Ikuti Kami

Diari

Yuk, Hijrah dari Toxic Relationship ke Intimate Relationship

toxic relationship
gettyimages.com

BincangMuslimah.Com – Bagi sebagian besar kita pasti sudah tidak awam lagi dengan istilah toxic relationship. Sebuah istilah yang ditujukan untuk suatu hubungan yang kurang sehat (beracun). Hal ini ditandai dengan serangan terhadap pasangan baik secara verbal maupun non verbal.

Perlakuan serangan terhadap pasangan tidak hanya kepada perempuan, akan tetapi lelaki juga bisa mengalami. Muncul perasaan frustasi, perasaan cemburu yang berlebihan, benci, stres dan perasaan tidak enak hati.
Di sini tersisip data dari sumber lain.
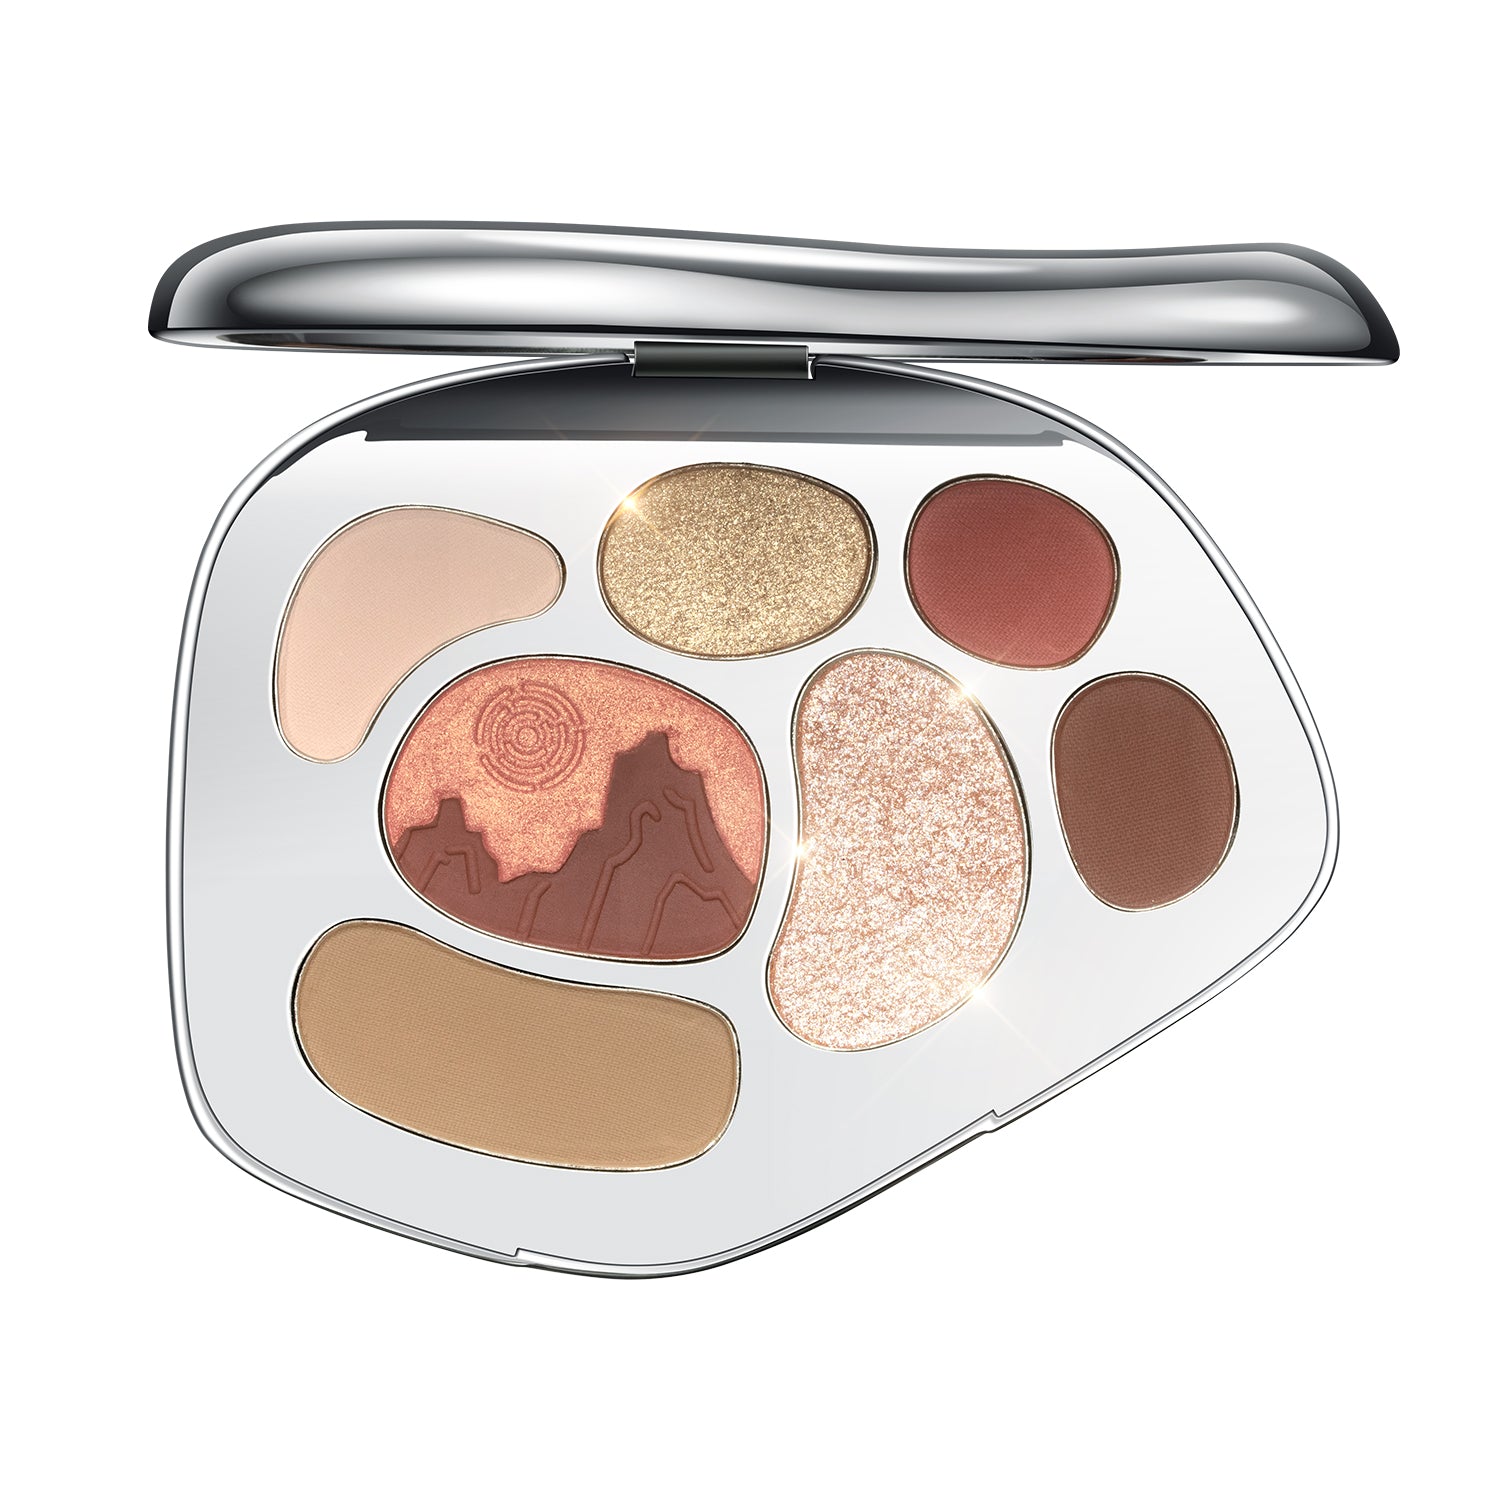 CATKIN Fairy Tales 4-in-1 Multi-function Makeup Palette C01 Eyeshadow Highlighter Blush Bronzer Full Face Makeup Palette

Contoh perilaku toxic secara verbal terhadap pasangan adalah dengan melontarkan kata-kata kasar, ancaman membunuh, berbicara kotor, seringkali mengumpat yang menyakiti perasaaan pasangan. Sedangkan perilaku toxic non verbal misalnya memukul, kekerasan fisik, pasangan lebam, bahkan kekerasaan berhubungan seksual.

Akan tetapi diakui atau tidak, keluar dari toxic relationship memang bukanlah perkara mudah. Kita akan dihadapkan dengan dua perkara, mempertahankan hubungan (mencoba melakukan upaya memperbaiki dengan datang ke psikolog, misalnya) dan memutuskan hubungan dengan pasangan secara sepihak.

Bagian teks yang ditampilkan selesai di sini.